Súbitamente, uno de los muchachos se puso en pie y echó a correr. Pasó como una exhalación junto a la señora Ames y desapareció por la esquina de la casa. El otro se apartó de la señora con expresión horrorizada y, lanzando un grito, se abalanzó hacia la puerta abierta. La señora Ames intentó agarrarlo, pero sus dedos resbalaron por la chaqueta del muchacho, y consiguió escapar. Ella oyó cómo se alejaba a todo correr.

La señora Ames trató de hablar, pero apenas le salían las palabras:

—¡Levántate!

Cathy la miraba, muy pálida, pero no se movió. Entonces, la señora Ames se percató de que Cathy tenía las muñecas atadas con una gruesa cuerda. Lanzó un chillido, se arrodilló y desató los nudos. Luego, llevó a Cathy a la casa y la acostó.

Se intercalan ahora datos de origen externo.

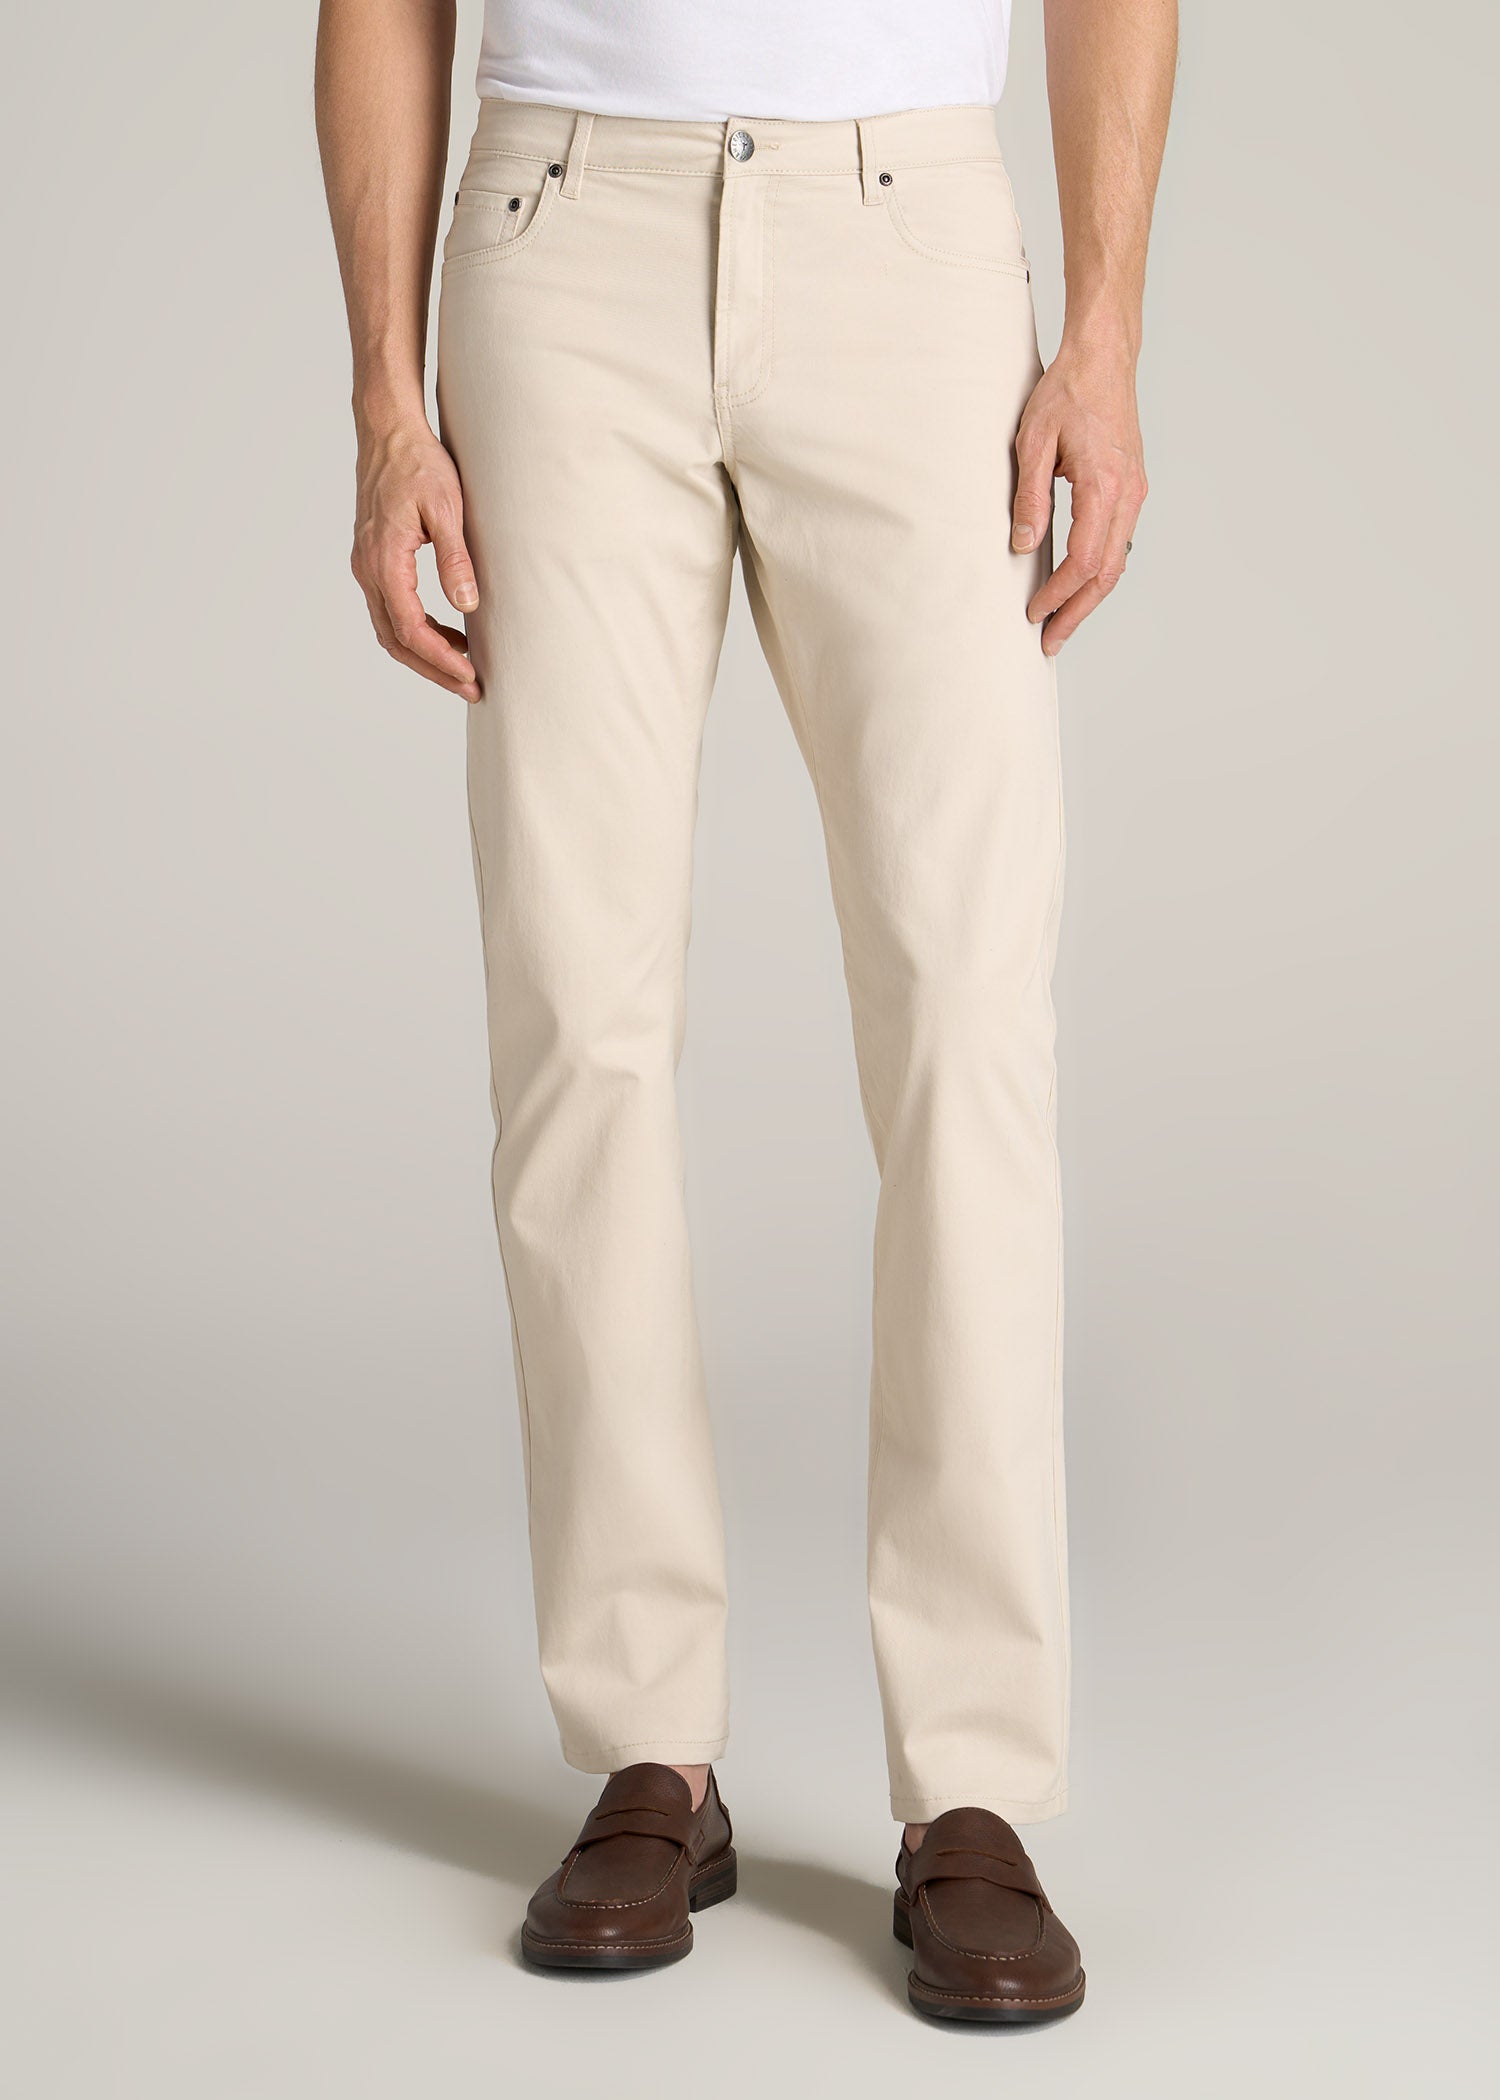 Carman TAPERED Fit Five Pocket Pants for Tall Men in Soft Beige

El médico de cabecera, después de examinar exhaustivamente a Cathy, no halló prueba alguna de que hubiese sido forzada.

—Puede usted dar gracias a Dios por haber llegado a tiempo —le repitió una y otra vez a la señora Ames.

Cathy no pronunció palabra durante muchos días. Según el doctor, sufría una conmoción; pero cuando se le pasó, Cathy se negó a hablar. Si le hacían preguntas, abría desmesuradamente los ojos, hasta ponerlos en blanco, su respiración se detenía, se ponía muy rígida y sus mejillas enrojecían a causa del esfuerzo que hacía para no respirar.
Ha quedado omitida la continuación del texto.